With the development of many new therapeutic agents, important new questions have arisen regarding the characterization and optimization of their beneficial effects, their role in treatment algorithms, and their long-term safety. In addition, new approaches must be added to the three essential clinical areas of RA (signs and symptoms, disease progression and function) that are currently measured in clinical trials if novel agents are to be optimally and expeditiously developed. A partial list of challenges now facing rheumatologists can be found in Box 2.

A discussion of the challenges facing rheumatologists would not be complete without mentioning the issues of patient recruitment and overall trial quality and relevance. With the plethora of therapies now available for testing in RA, and the associated worldwide interest in the field, competition for patients to participate in clinical studies has notably intensified. The recruitment of adequate numbers of patients to clinical trials is becoming increasingly difficult. Moreover, differing standards of medical care and trial quality around the world have sometimes adversely affected the relevance and utility of clinical data. Improvements in efficiency and greater standardization of methods in clinical trials are necessary if the field is to continue to progress. Rheumatologists need to work towards conducting smaller and shorter studies that make use of radiographic, serologic, genetic, proteomic and other biomarkers for use as prognostic indicators and therapeutic outcomes. The current emphasis on empiric clinical data in studies needs to be revised to also include numerous biomarker data. Health authorities need to encourage more-efficient trial designs that maximize the potential to detect early signals of efficacy and minimize the continued enrollment of those who are responding poorly to therapy.

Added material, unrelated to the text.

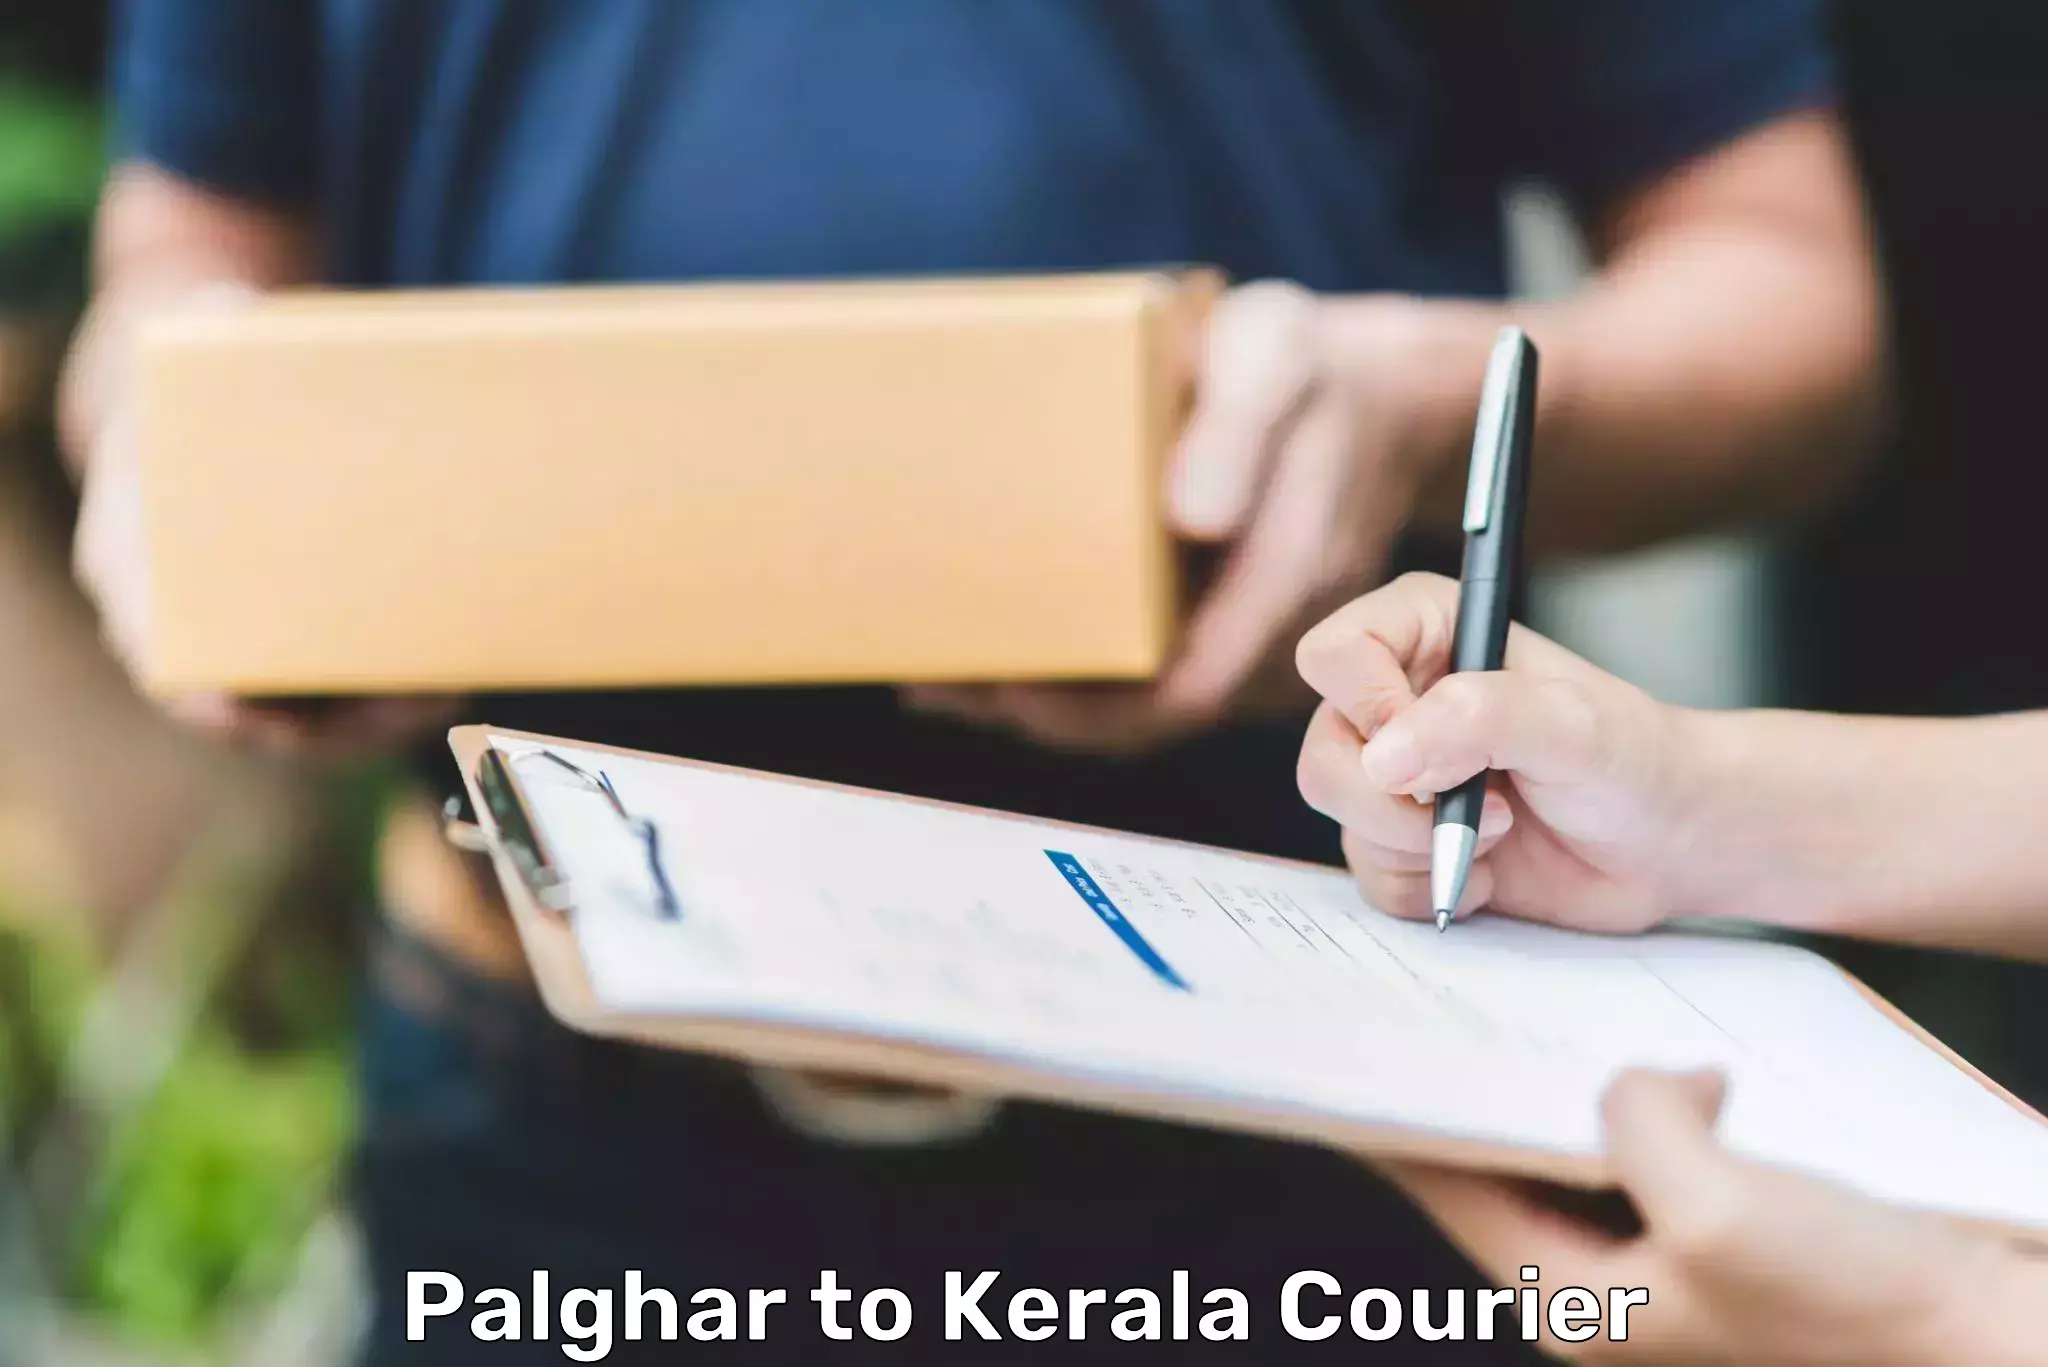 Reliable delivery network Palghar to Thiruvananthapuram

Finally, rheumatologists need to emphasize the importance of overall life-cycle management for new therapies—that is, novel products for the treatment of RA need to be continually studied and characterized throughout their life span, and questions need to be continually asked and addressed regarding their safety and efficacy, if the field is to advance and patients are to maximise their benefits from new therapies.

Conclusions

These times are both exciting and demanding for rheumatologists. Despite the challenges of studying RA—a multisystem and heterogeneous disease with variable presentations and prognoses—investigators, key opinion leaders and health authorities in rheumatology have been successful in developing meaningful outcome measures and other trial design parameters for the study of new investigational therapies. As a result, many effective new therapies are now available for patients with RA. However, many challenges remain or are arising. The effectiveness of combination therapies—including combinations of small molecules and/or biologic therapies in early disease to maximize patient benefit and long-term patient function—are becoming increasingly important concerns. Likewise, the generation of new definitions and outcome measures that adequately characterize the nature, durability and clinical relevance of new bony tissue resulting from therapy are needed. Finally, identifying new clinical trial designs that are more efficient, quicker to identify patient responders and oriented towards effectively obtaining safety information are likely to become priorities for future investigators. Rheumatologists must meet these new challenges if the field is to progress and patients are to further benefit from new therapies.

Review criteria

No formal search of the literature was conducted. Evidence was taken from previous work, efforts and systematic Reviews by the author's and colleagues' own collections of articles, and from the author's direct experience at the FDA—where he co-authored a guidance document in this area.